Most information about Joran is given in the "Equilibrium" season 3 DS9 episode. There, Jadzia Dax plays a melody Joran has composed and then begins experiencing hidden memories of him as hallucinations and aggressive outbursts. In the visions, a strange music is heard from nowhere, Joran is shown as a serial killer, wearing a mask, eager to kill anyone who his twisted imagination portrays as inappropriate. The visions endanger Jadzia and the symbiont's life so she, Sisko and Bashir travel to the Trill homeworld for treatment. There, Sisko and Bashir find out who Joran was and that all the information on his joining was erased. Jadzia remembers Joran murdering the doctor who recommended to expel him from the symbiosis program. Considering this, Sisko and Bashir deduce that Joran's joining was considered a failure and covered up to hide the fact that an obviously "unsuitable" subject was nevertheless capable of joining (the official party line and the whole idea behind the Commission's existence was that only the few "best of the best" were capable). Jadzia's doctor denies all this and is going to let Jadzia die. Only when Sisko threatens to reveal the truth to the public does she confess. She reveals that in fact about half of the Trill population is capable of joining and the Commission hides this fact fearing that symbionts would be in danger: "It would mean chaos. There aren't nearly enough symbionts for that many hosts. The potential danger to the symbionts would be enormous—they would become commodities to be purchased... prizes to be fought over." She then unseals Dax's memories of Joran to save Jadzia's life.

In the "Field of Fire" season 7 episode, Ezri Dax calls upon her memories of Joran in order to catch a murderer who has killed several people on the Deep Space Nine. Joran strives to entice her to kill someone to "know how it feels" which she is able to resist.

Joran is portrayed by Jeff McBride in the "Equilibrium" episode and Leigh McCloskey in the "Field of Fire" episode. In the "Facets" episode, he possesses Benjamin Sisko (Avery Brooks). Due to the danger of allowing Joran to act freely, Sisko is placed in a holding cell with a force field before Joran is allowed to take over. He has a short and terse conversation with Jadzia, then begins slamming Sisko's head repeatedly into the force field, injuring him. He then tricks Jadzia into turning off the force field and catches her by the throat to "show her how to use his power". Jadzia knocks him down, and Sisko finally reasserts himself.

Curzon Dax
Curzon Dax (played briefly by Frank Owen Smith in the Star Trek: Deep Space Nine episode "Emissary") is a negotiator in the Khitomer Accords whose activities result in the Klingon Empire entering an alliance with the United Federation of Planets.
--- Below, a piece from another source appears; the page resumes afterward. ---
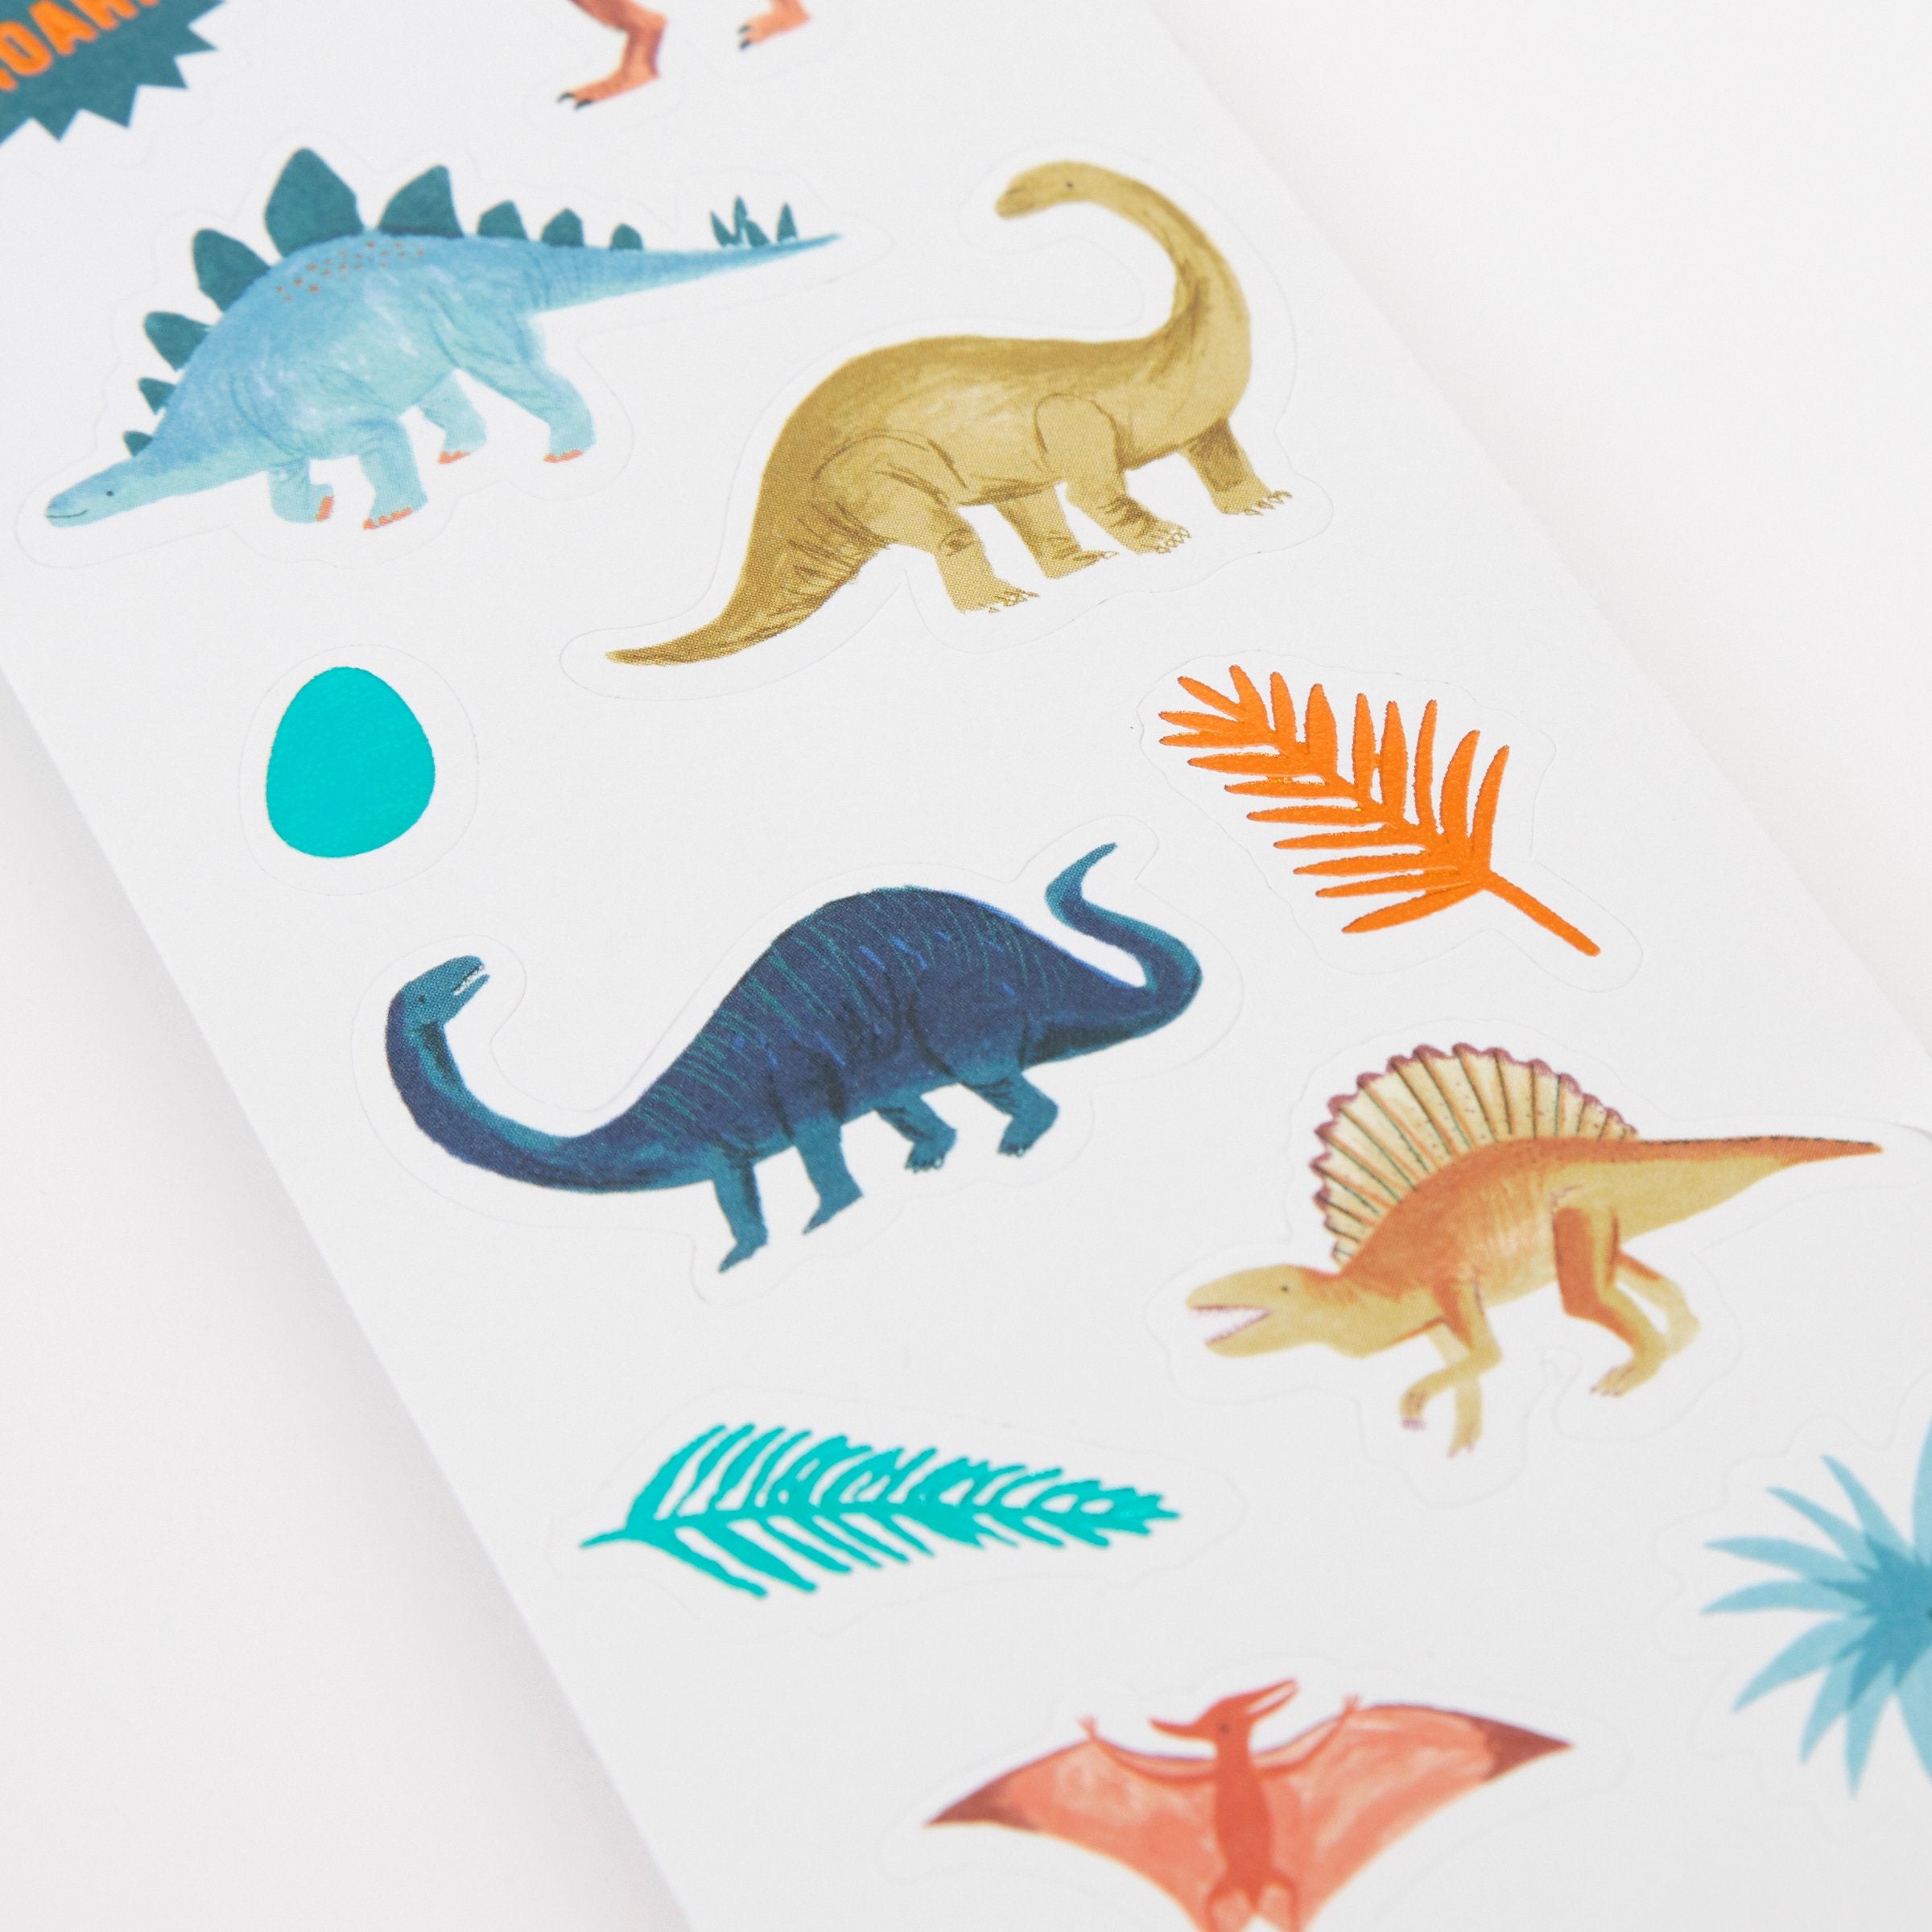  Dinosaur Stickers Party Dinosaur Decal Stickers Fun Bumber  Tractor Atickers for Moms Funny Memes Skateboard Car Sticker : Toys & Games
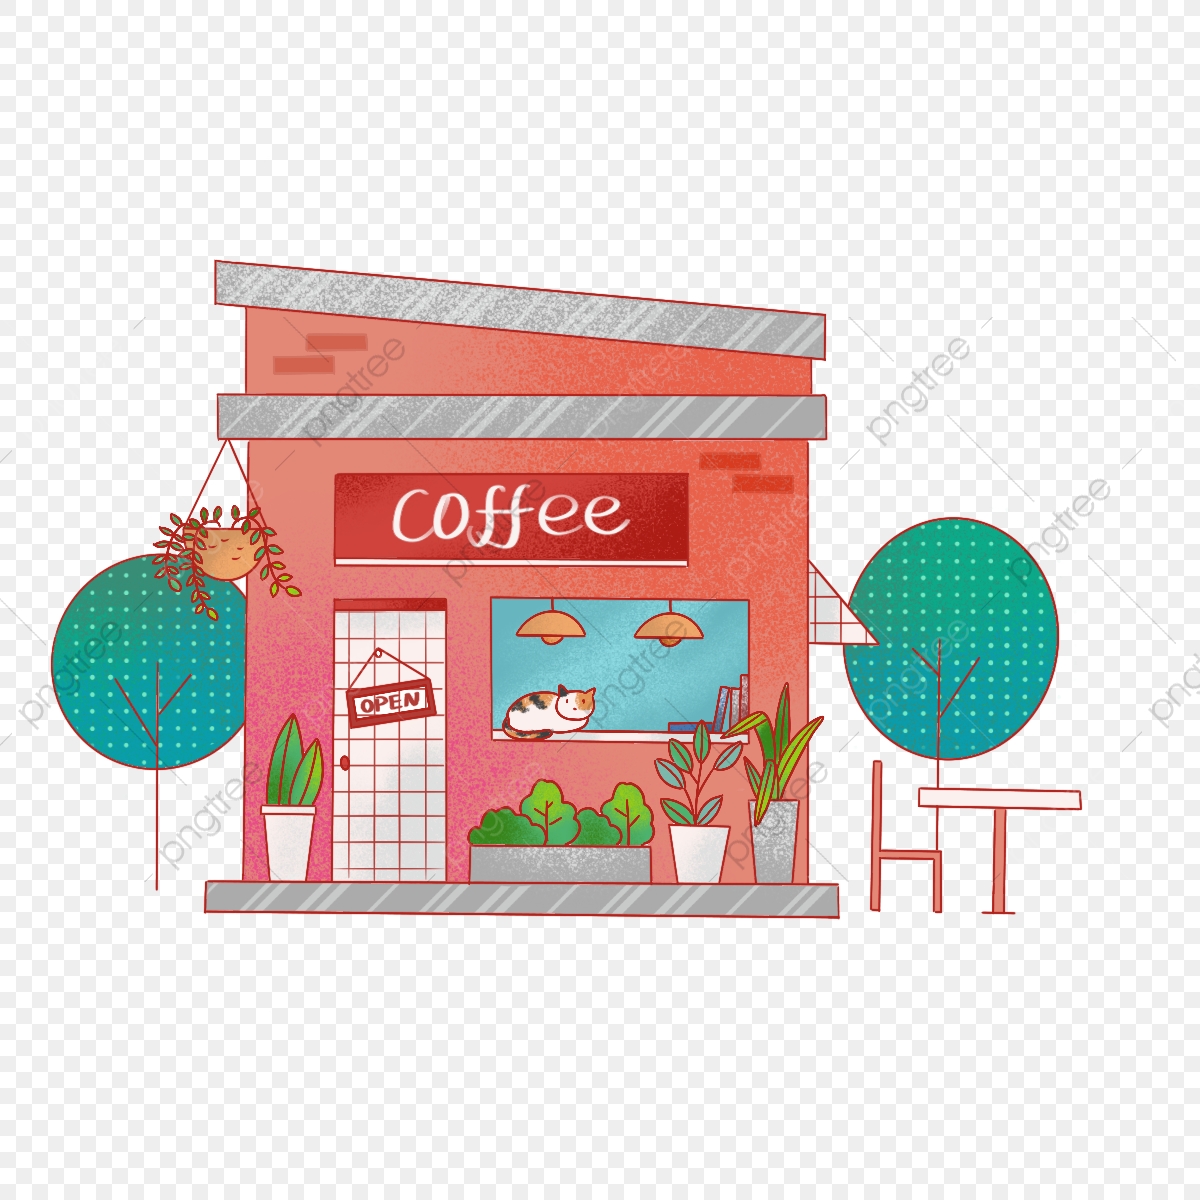 cafe clipart cute cafe

After this, Curzon becomes revered and admired among the Klingon people.

For Jadzia's zhian'tara in the "Facets" episode, Curzon is temporarily embodied into Odo, with a unique result—a blending of Curzon's and Odo's personalities, not unlike the blending of a Trill symbiont with its host. "Curzon Odo" takes advantage of Odo's shapeshifting abilities to transform his face to more closely resemble Curzon's while still retaining recognizable traces of Odo's features. Curzon is shown a very bright personality, extremely charismatic yet arrogant and neglectful at times where he starts behaving selfishly and manipulatively.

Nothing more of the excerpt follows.